Evangelio del Domingo de la Sma, Trinidad, según San Agustín

En este domingo de la Trinidad, San Agustín nos acompaña con la oración final que escribe en su libro La Trinidad.

En este domingo de la Trinidad, San Agustín nos acompaña con la oración final que escribe en su libro La Trinidad. En ella alaba a Dios que, nos anima a usar nuestra inteligencia para buscarle. Por eso, debemos reconoce que nuestros dones son regalos que Dios nos dio para que le busquemos y, buscándole, podamos contemplar siempre su rostro.

Padre

Señor y Dios mío, en ti creo, Padre, Hijo y Espíritu Santo.
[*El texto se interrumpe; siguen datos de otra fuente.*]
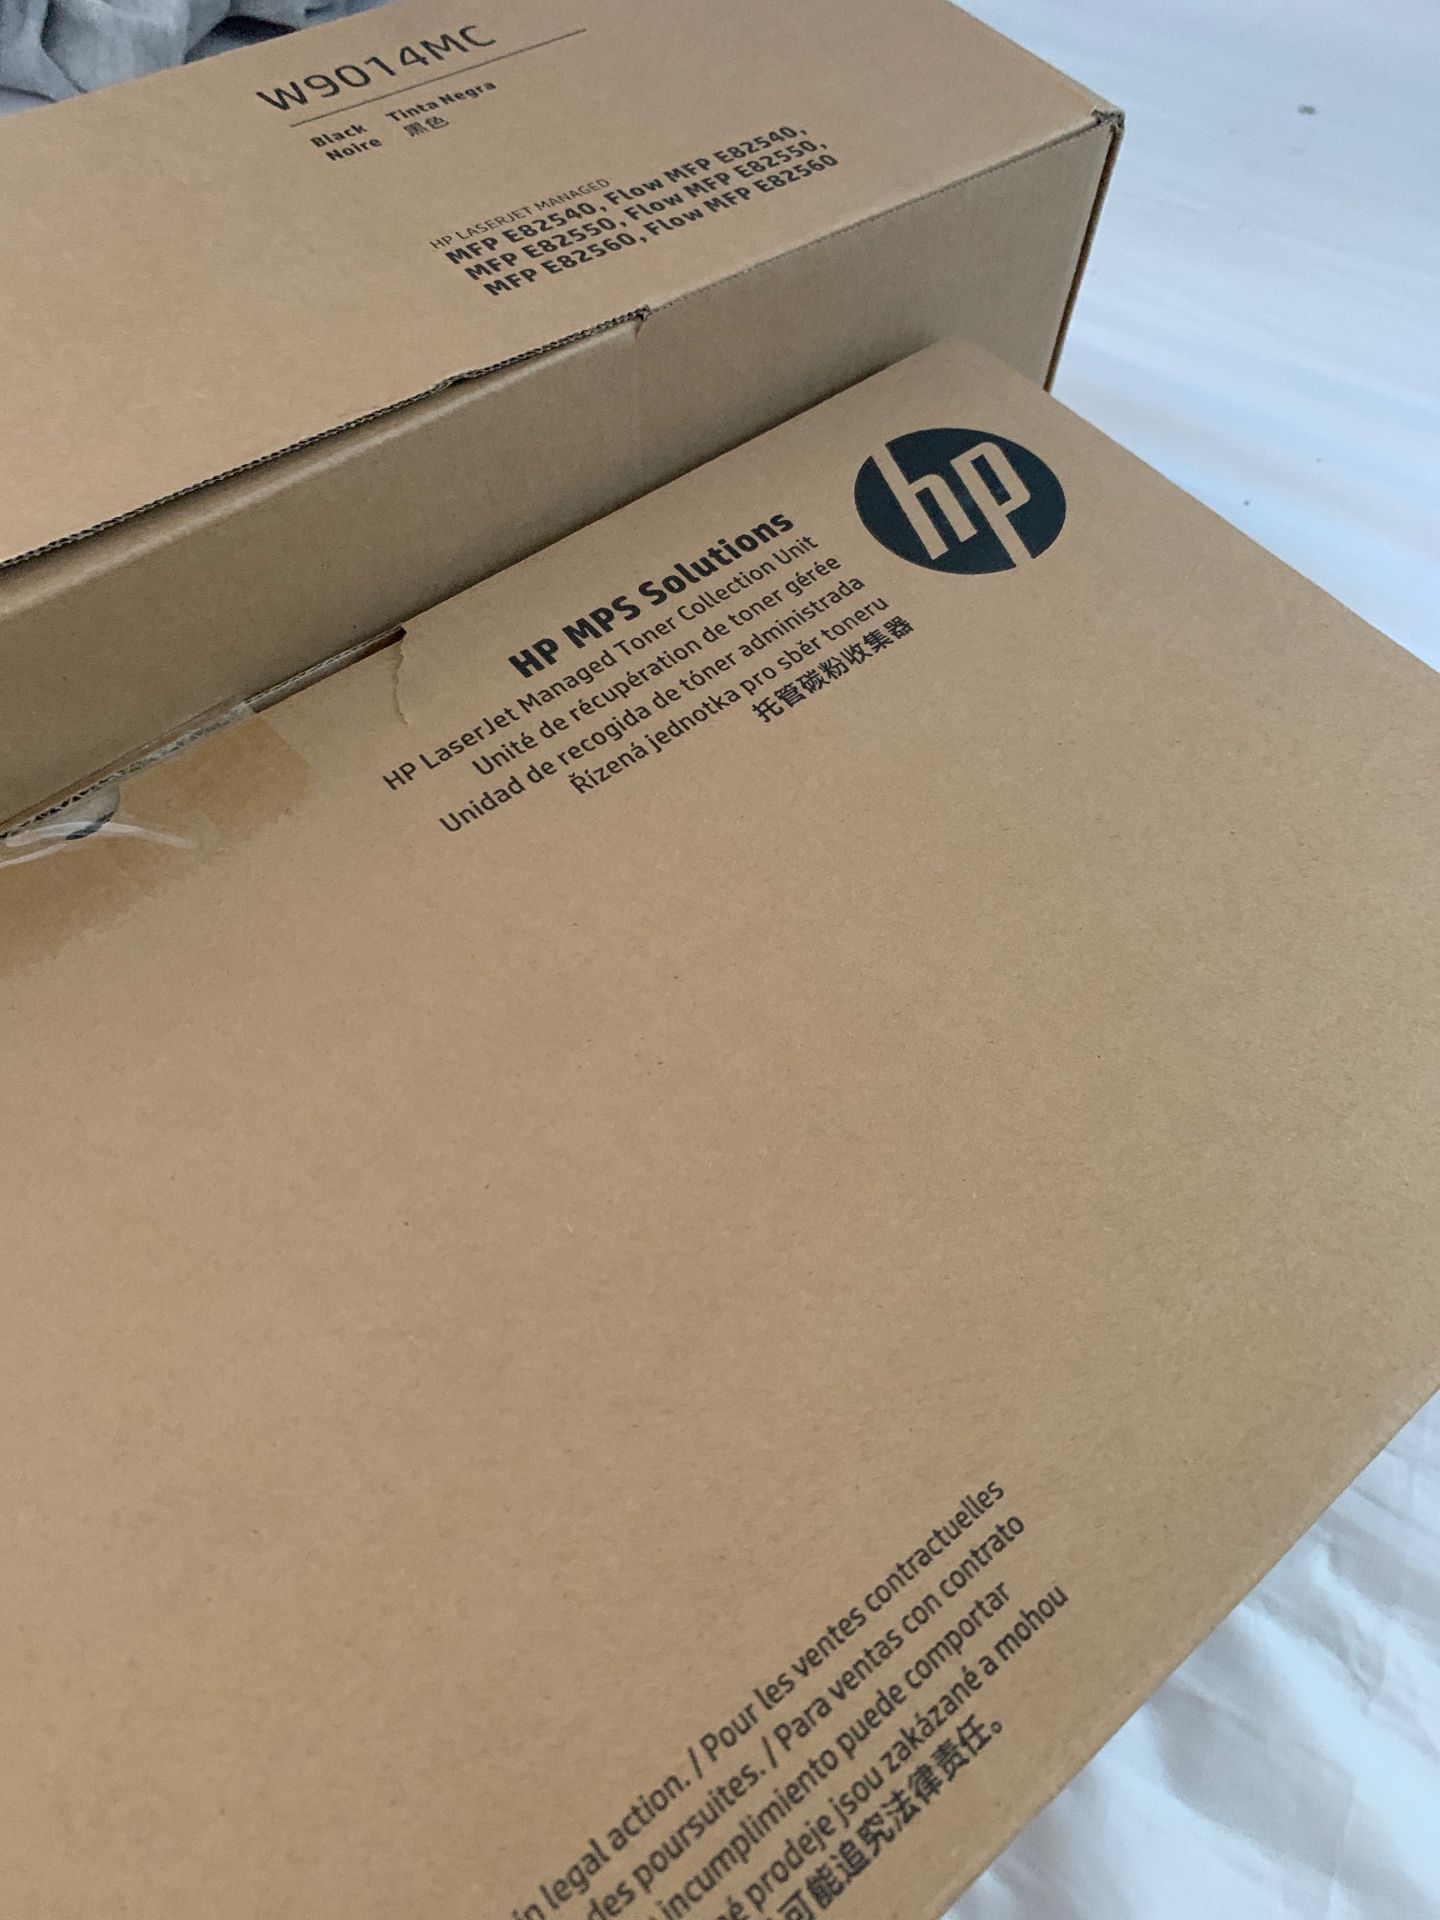 Both HP Laserjet Managed toner collection unit and managed printer cartridge

No diría la Verdad: Id, a todas las gentes en el nombre del Padre, y del Hijo, y del Espíritu Santo, si no fueras Trinidad. Y no mandarías a tus siervos ser bautizados, mi Dios y Señor, en el nombre de quien no es Dios y Señor. Y si Vos, Señor, no fuerais al mismo tiempo Trinidad y un solo Dios y Señor, no diría la palabra divina: Escucha, Israel; el Señor, tu Dios, es un Dios único. Y Si tú mismo fueras Dios Padre y fueras también Hijo, tu palabra Jesucristo, y el Espíritu Santo fuera vuestro Don, no leeríamos en las Escrituras canónicas: Envió Dios a su Hijo; y tú, ¡oh Unigénito!, no dirías del Espíritu Santo: Que el Padre enviará en mi nombre; y: Que yo os enviaré de parte del Padre.

Búsqueda

Fija la mirada de mi atención en esta regla de fe, te he buscado según mis fuerzas y en la medida que tú me hiciste poder, y anhelé ver con mi inteligencia lo que creía mi fe, y disputé y me afané en demasía. Señor y Dios mío, mi única esperanza, óyeme para que no sucumba al desaliento y deje de buscarte; ansíe siempre tu rostro con ardor.

Dame fuerzas para la búsqueda, tú que hiciste te encontrara y me has dado esperanzas de un conocimiento más perfecto. Ante ti está mi firmeza y mi debilidad: sana ésta, conserva aquélla. Ante ti está mi ciencia y mi ignorancia; si me abres, recibe al que entra; si me cierras el postigo, abre al que llama. Haz que me acuerde de ti, te comprenda y te ame. Acrecienta en mí estos dones hasta mi reforma completa.

Cantar tus alabanzas

Sé que está escrito: En las muchas palabras no estás exento de pecado. ¡Ojalá sólo abriera mis labios para predicar tu palabra y cantar tus alabanzas! Evitaría así el pecado y adquiriría abundancia de méritos aun en la muchedumbre de mis palabras. Aquel varón amado de ti no habrá, ciertamente, aconsejado el pecado a su verdadero hijo en la fe, cuando le escribe: Predica la palabra, insiste a tiempo y a deshora. ¿Acaso se podrá decir que no habló mucho el que oportuna e importunamente anunció, Señor, tu palabra? No, no era mucho, pues todo era necesario. Líbrame, Dios mío, de la muchedumbre de palabras que padezco en mi interior, en mi alma, mísera en tu presencia y acogida a tu misericordia.

Cuando callan mis labios, no guardan mis pensamientos silencio. Y si sólo pensara en las cosas que son de tu agrado, no te rogaría me librases de la abundancia de mis palabras. Pero muchos son mis pensamientos; tú los conoces; son pensamientos humanos, pues vanos son. Otórgame no consentir en ellos, sino haz que pueda rechazarlos cuando siento su caricia; nunca permitas me detenga adormecido en sus halagos. Jamás ejerzan sobre mí su poderío ni pesen en mis acciones. Con tu ayuda protectora sea mi juicio seguro y mi conciencia esté al abrigo de su influjo.

Hablando el Sabio de vos en su libro, hoy conocido con el nombre de Eclesiástico, dice: «Muchas cosas diríamos sin acabar nunca; sea la conclusión de nuestro discurso: Él lo es todo».

Cuando arribemos a tu presencia, cesarán estas muchas cosas que ahora hablamos sin entenderlas, y tú permanecerás todo en todos, y entonces modularemos un cántico eterno, loándote a un tiempo unidos todos en ti.

Señor, Dios uno y Dios Trinidad, cuanto con tu auxilio queda dicho en estos mis libros conózcanlo los tuyos; si algo hay en ellos da mi cosecha, perdóname tú, Señor, y perdónenme los tuyos. Así sea.